Bagel head saline injection popular in Japan

Dermatologist weighs in on dangers of injecting saline into forehead to form bagel shape


Bagel head sounds like it should be some kind of playground insult among elementary schoolers, but it’s actually a cosmetic fad in Japan. The process of bagel-heading involves injecting saline solution into the skin on your forehead, then pressing down the middle with a thumb or finger. The end result? You look like you have a bagel on your head.

“Sweet, buttery bagels,” one young man said of the procedure on an episode of the National Geographic Channel’s Taboo. “I look delicious.”

The bagel head body modification has been popular since at least 2008 among young people in Tokyo who are feeling rebellious, and it came to international attention on the Sept. 23 episode of Taboo. The process itself is described on the show as “relaxing,” accompanied by a stinging, dripping feeling as well as a sensation of falling asleep. The bagel head effect only lasts about 16 hours or so, by which point the body absorbs the 13.5 ounces of saline that have been injected into the skin.

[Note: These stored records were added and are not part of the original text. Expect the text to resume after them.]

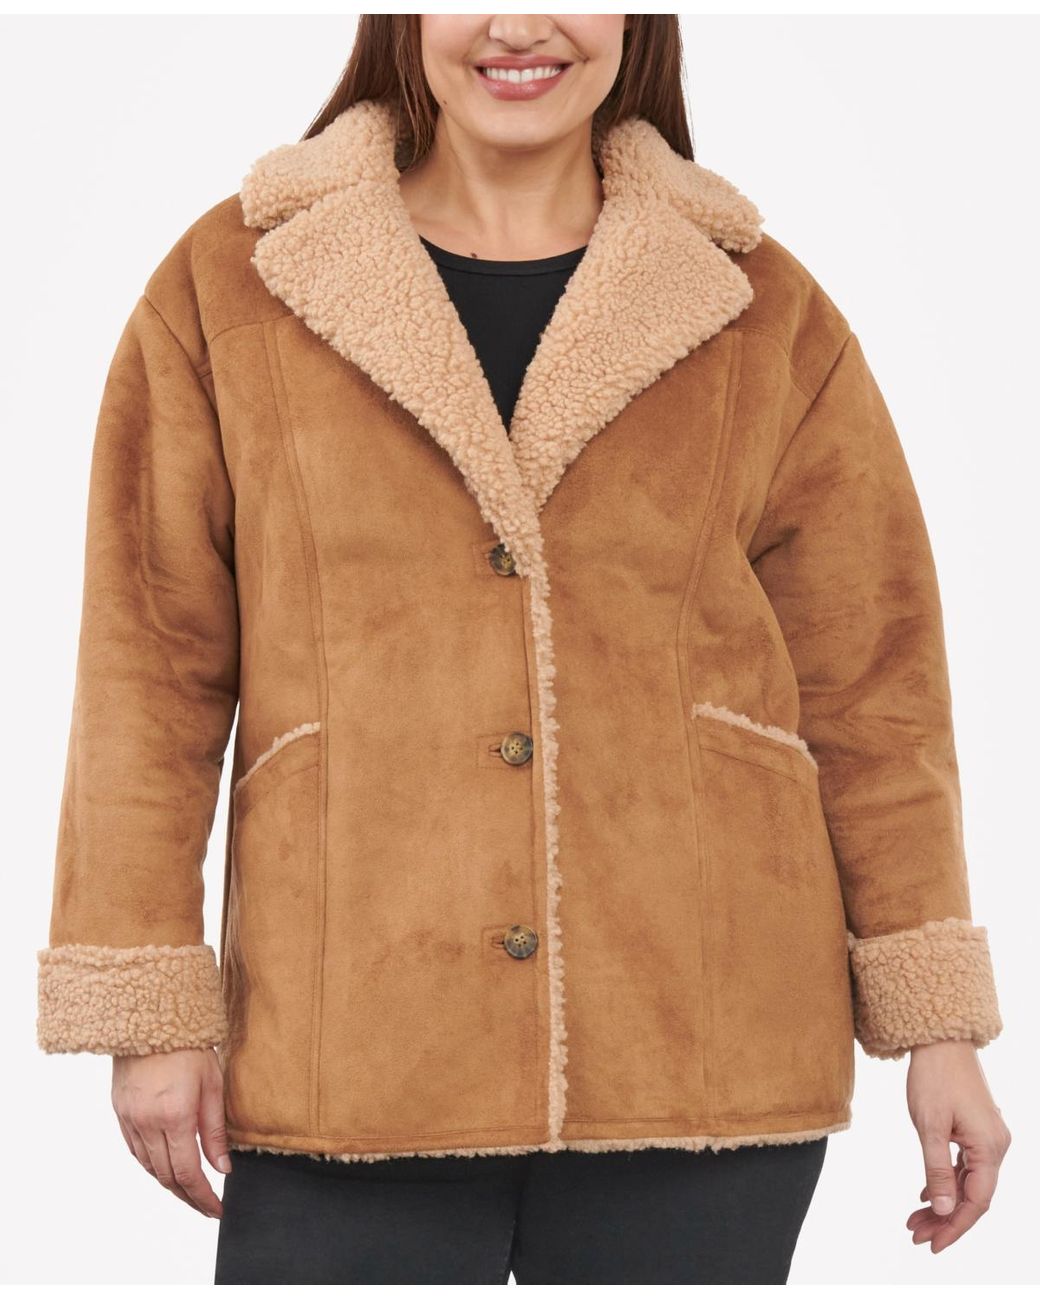 Lucky Brand, Jackets & Coats, Lucky Brand Faux Fur Jacket Zip Up
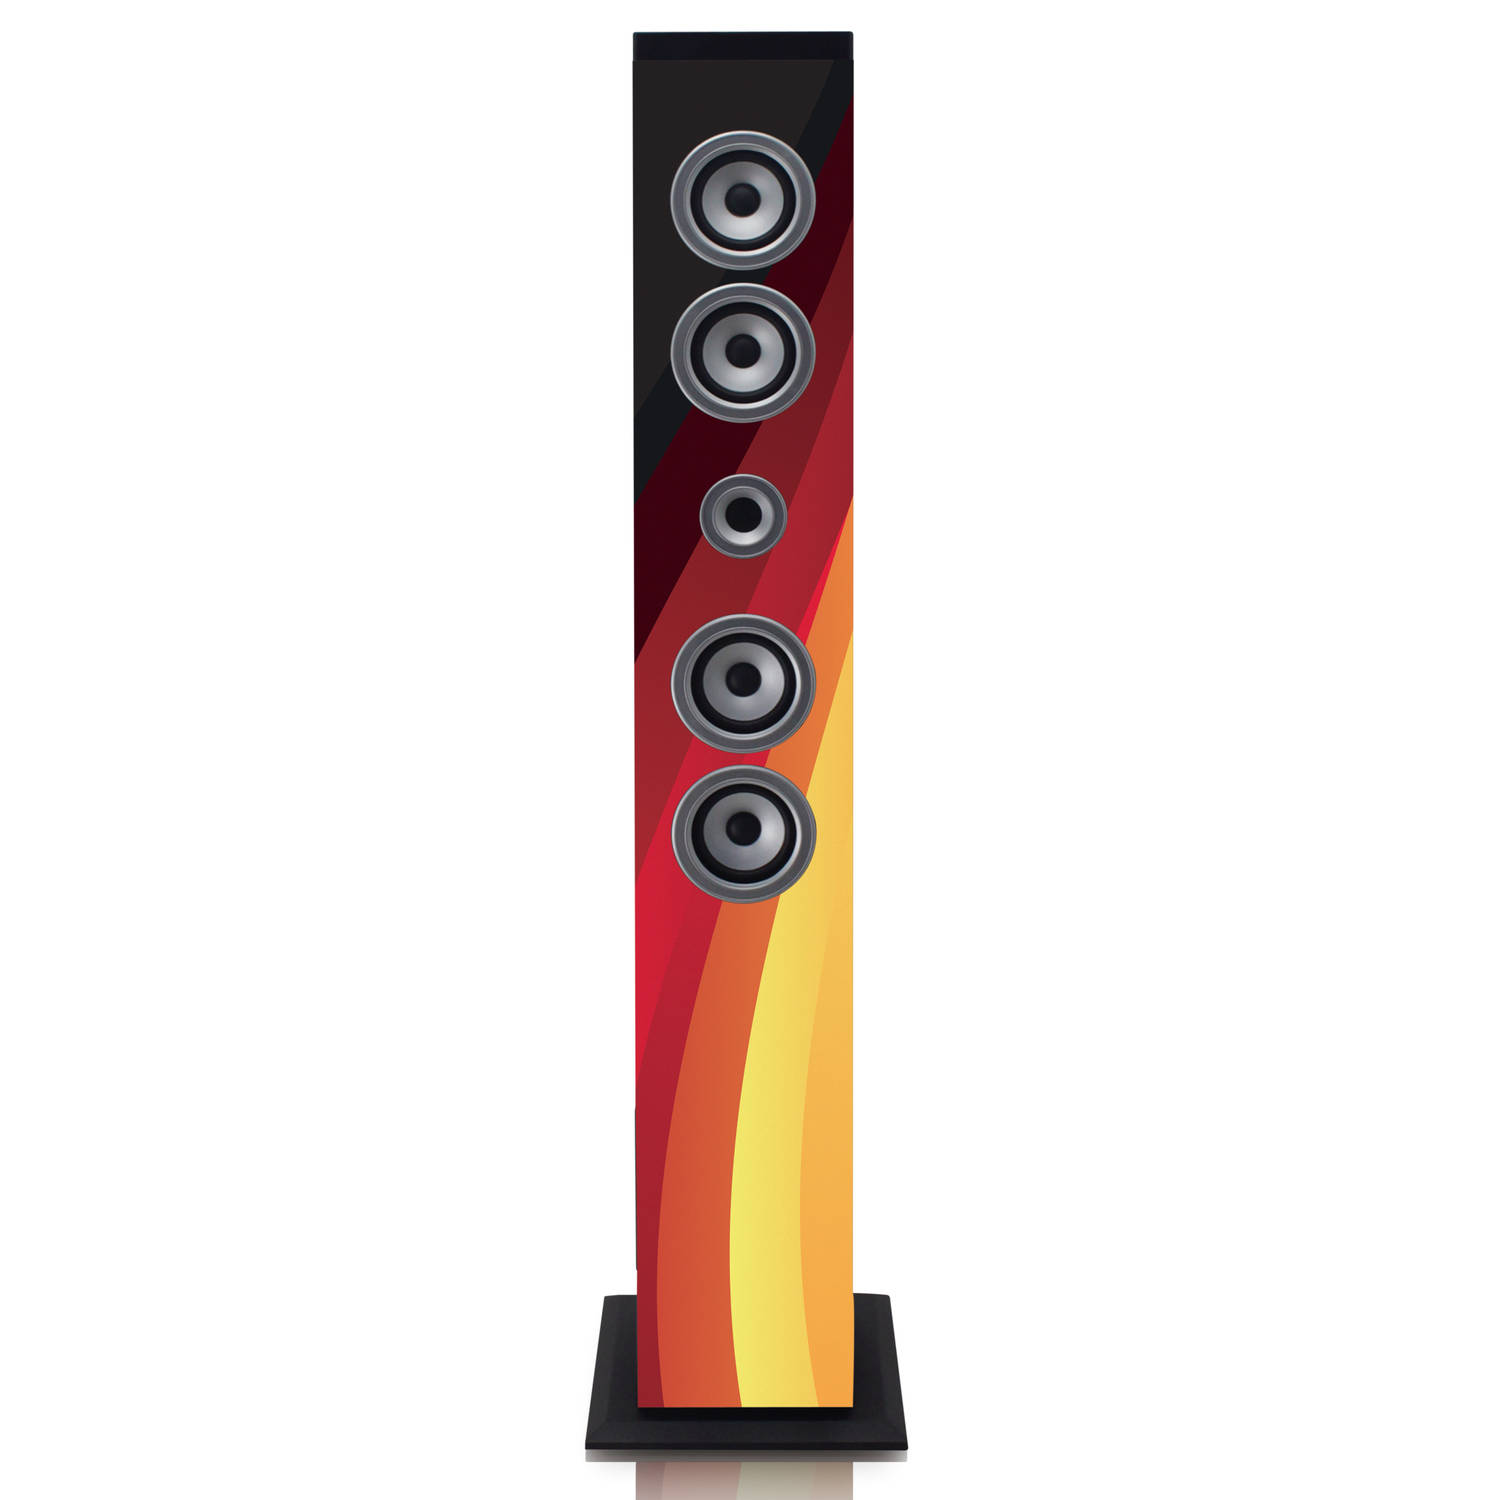 Ices IBT-6 Speaker toren met Bluetooth,FM Radio,USB- en SD speler - Duitse vlag Zwart-Rood-Goud
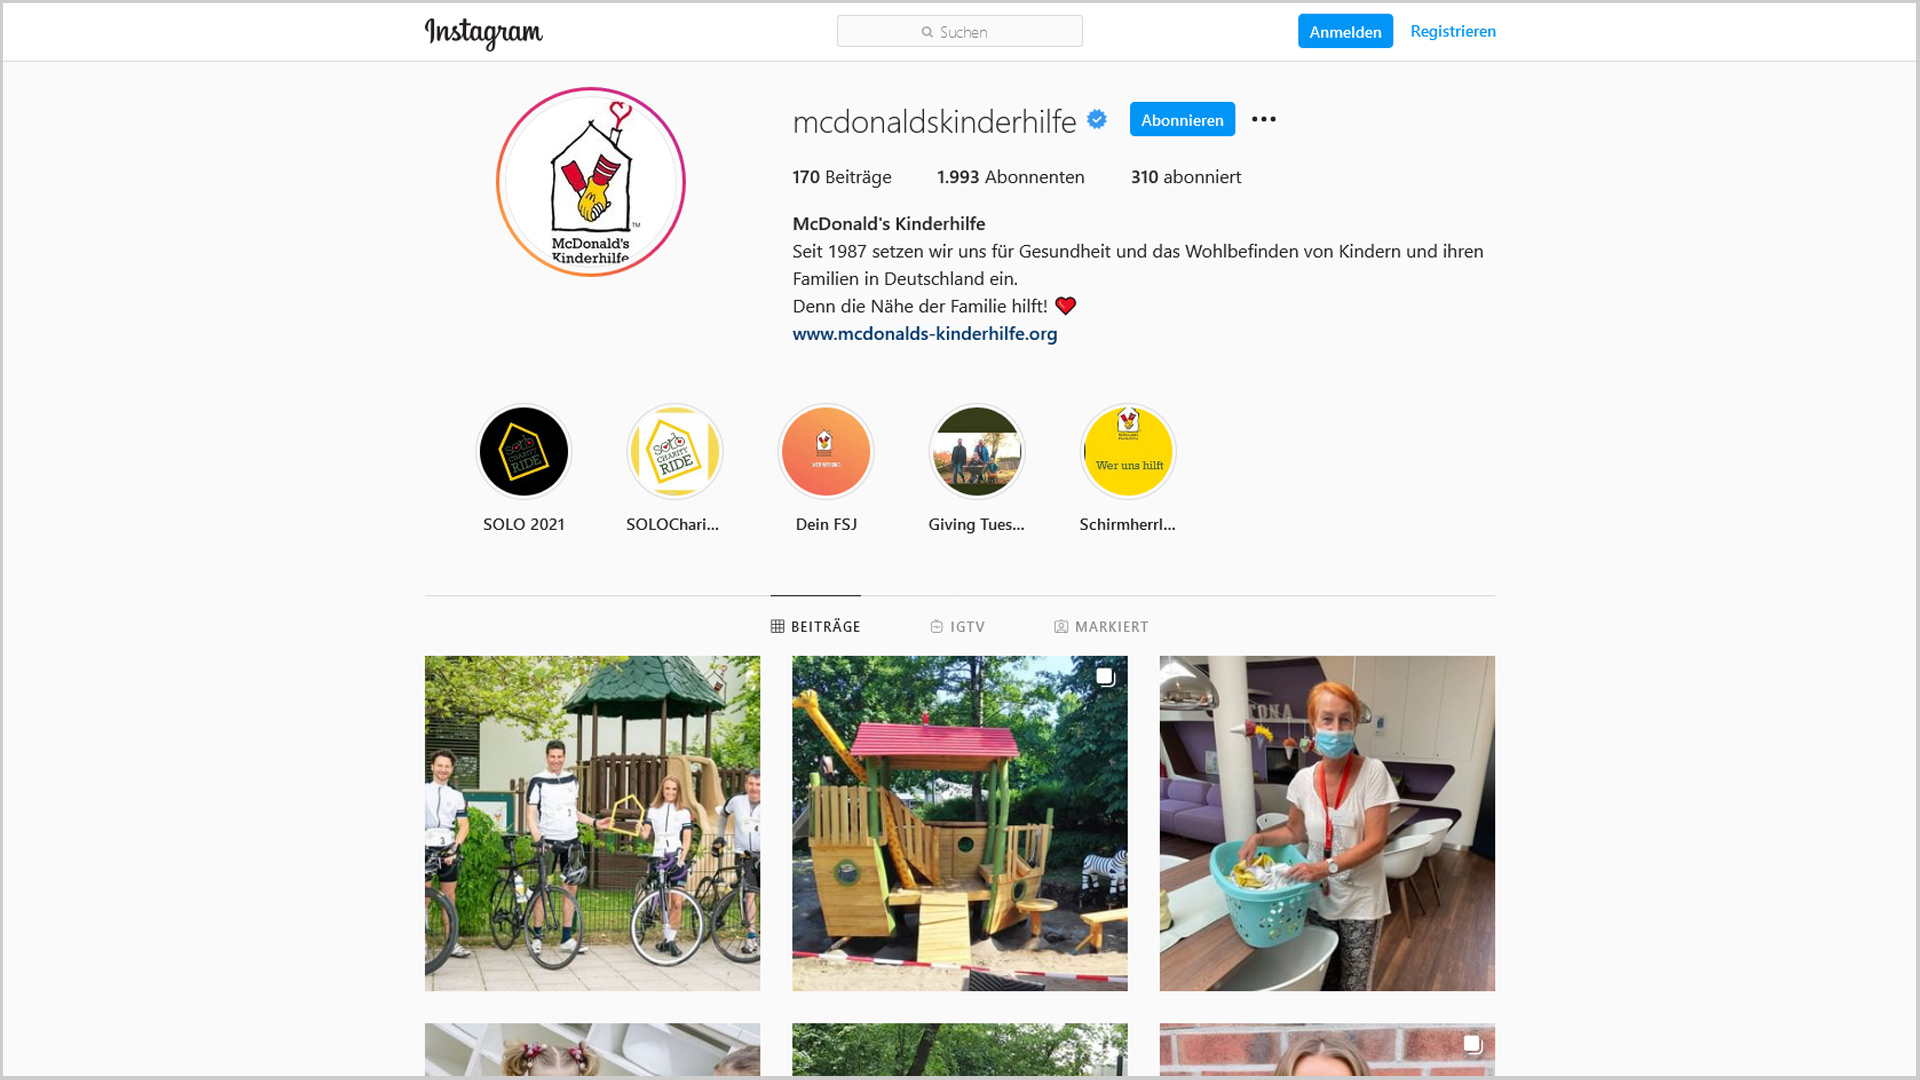 McDonald's Kinderhilfe Stiftung auf Instagram

Which raises the question: Is your body OK with that much saline entering your body through your forehead?

Omar Ibrahimi, a dermatologist at the Connecticut Skin Institute, spoke to Fox News about the potential dangers of the bagel head fad. He said that saline solution is actually commonly used as a local anesthetic, but too much of it—especially if it’s a highly concentrated solution—can cause extreme dehydration. He said it’s similar to the effect of drinking saltwater.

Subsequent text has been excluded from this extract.